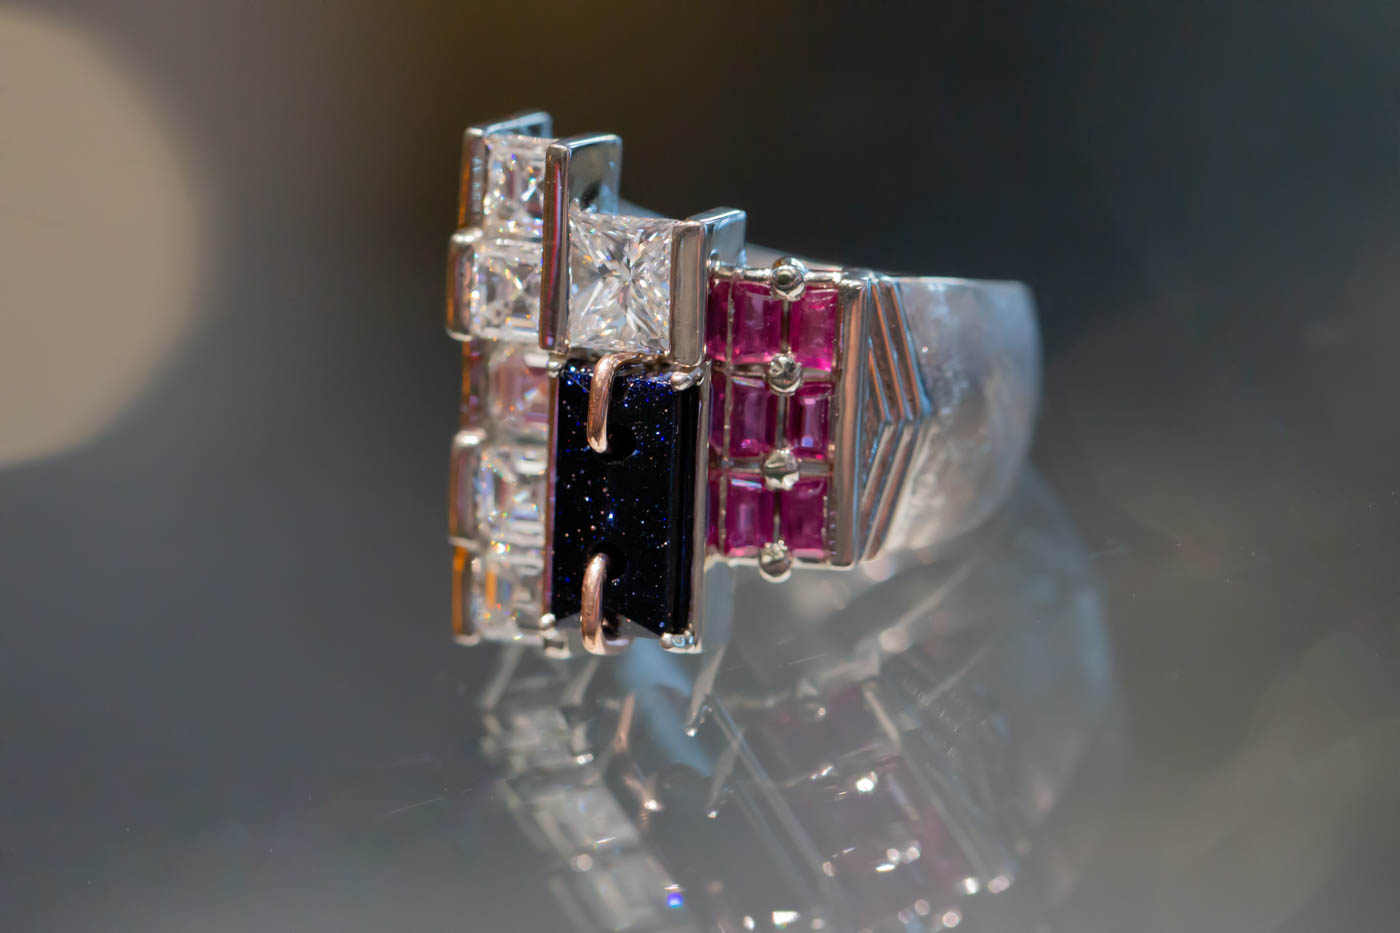 The Architecture Ring - White gold with diamonds,
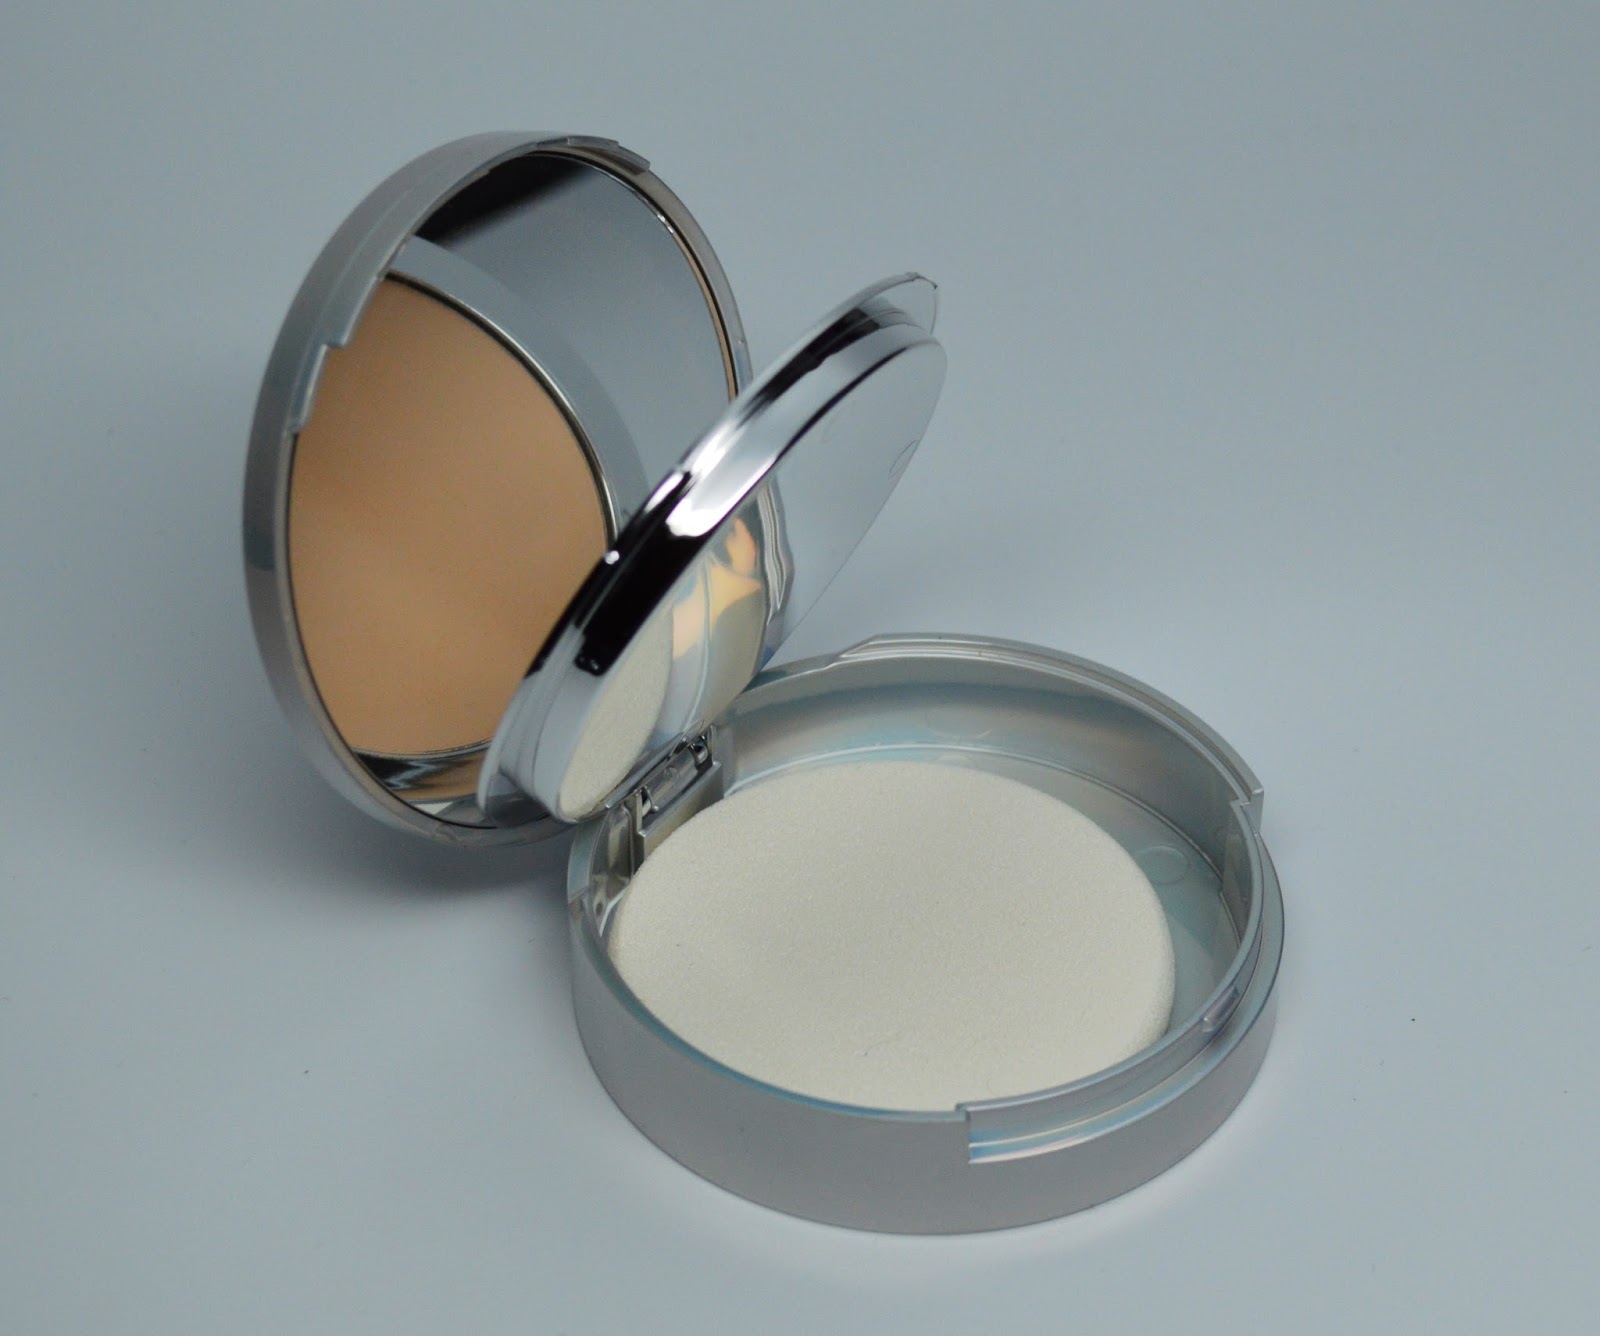 Image result for it cosmetics powder compact cc
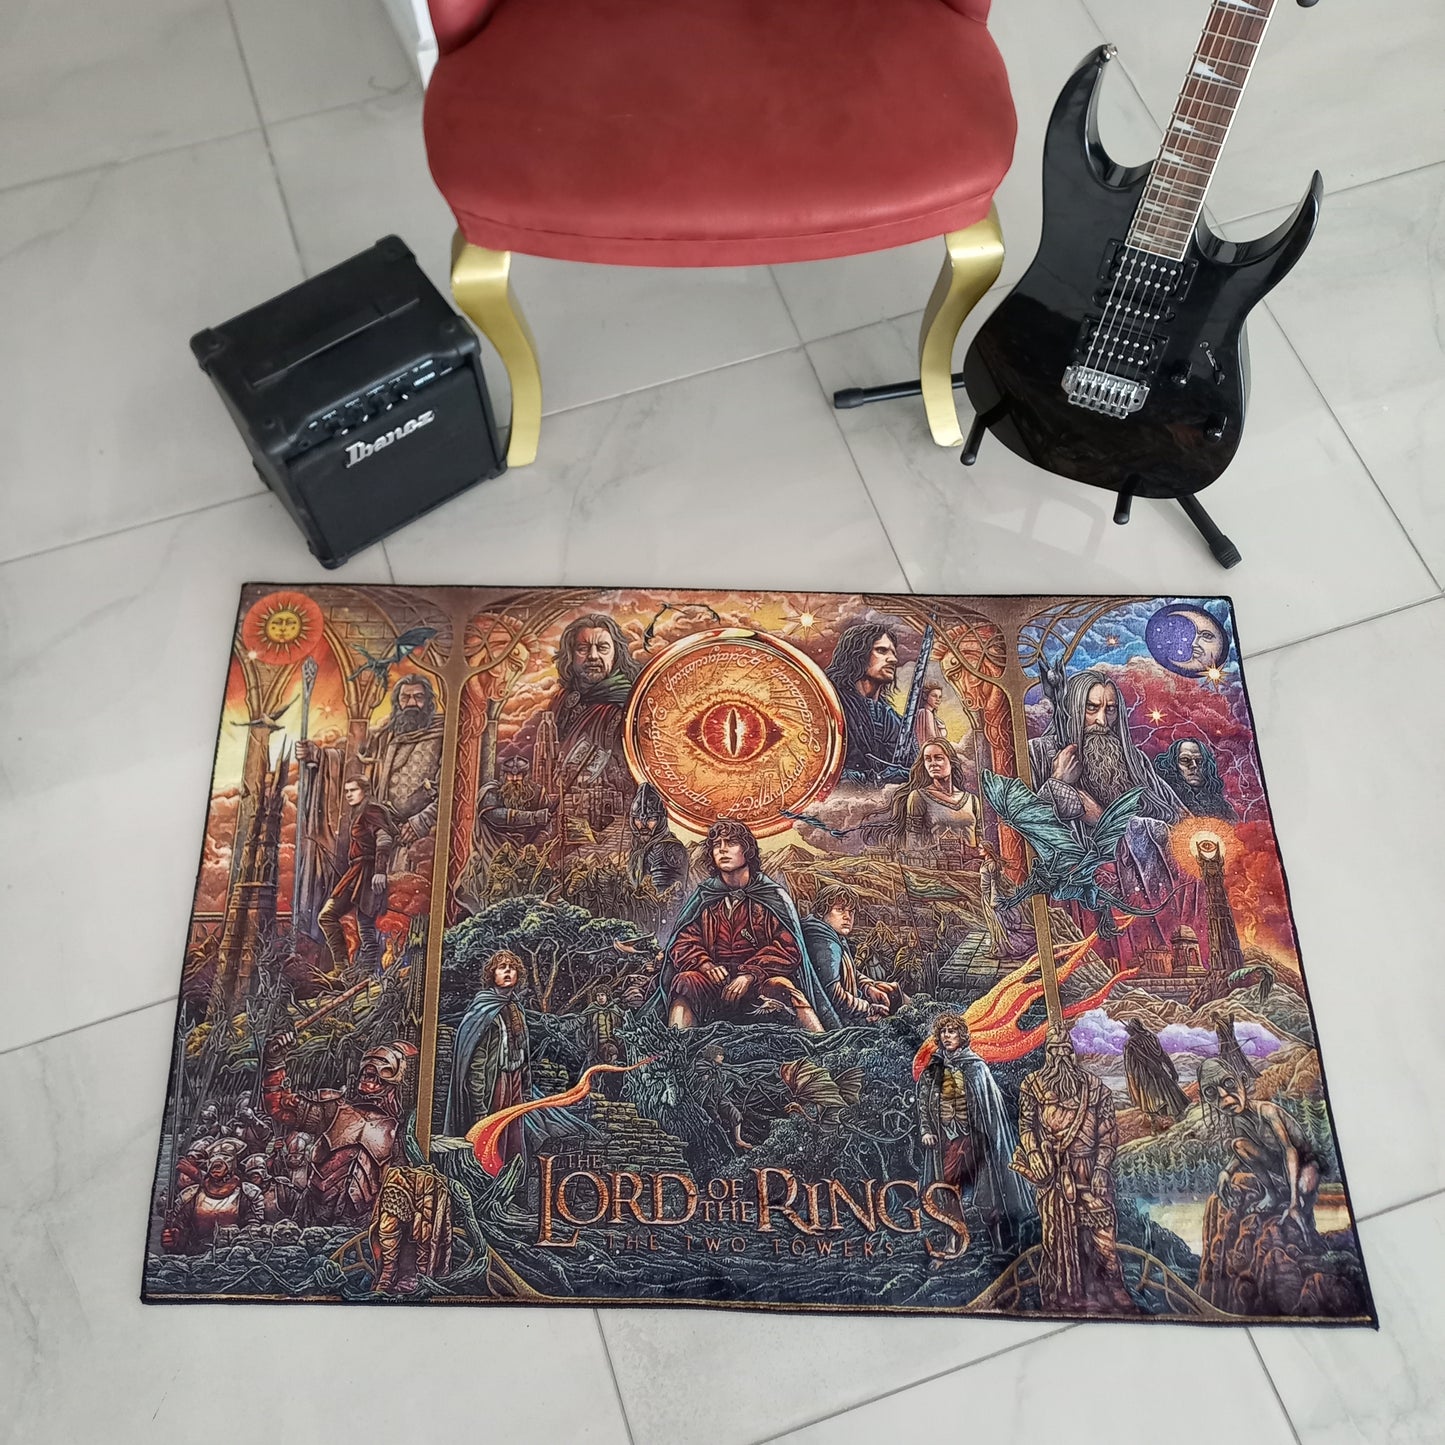 Lord of the Rings Rug - Fantastic Movie Carpet with Sauron's Eye Symbol Mat from the Greatest Science Fiction Movie
================
The data should be printed again unchanged; leave its pictures out.

 The Architecture Ring - White gold with diamonds,
 Image result for it cosmetics powder compact cc
 Lord of the Rings Rug - Fantastic Movie Carpet with Sauron's Eye Symbol Mat from the Greatest Science Fiction Movie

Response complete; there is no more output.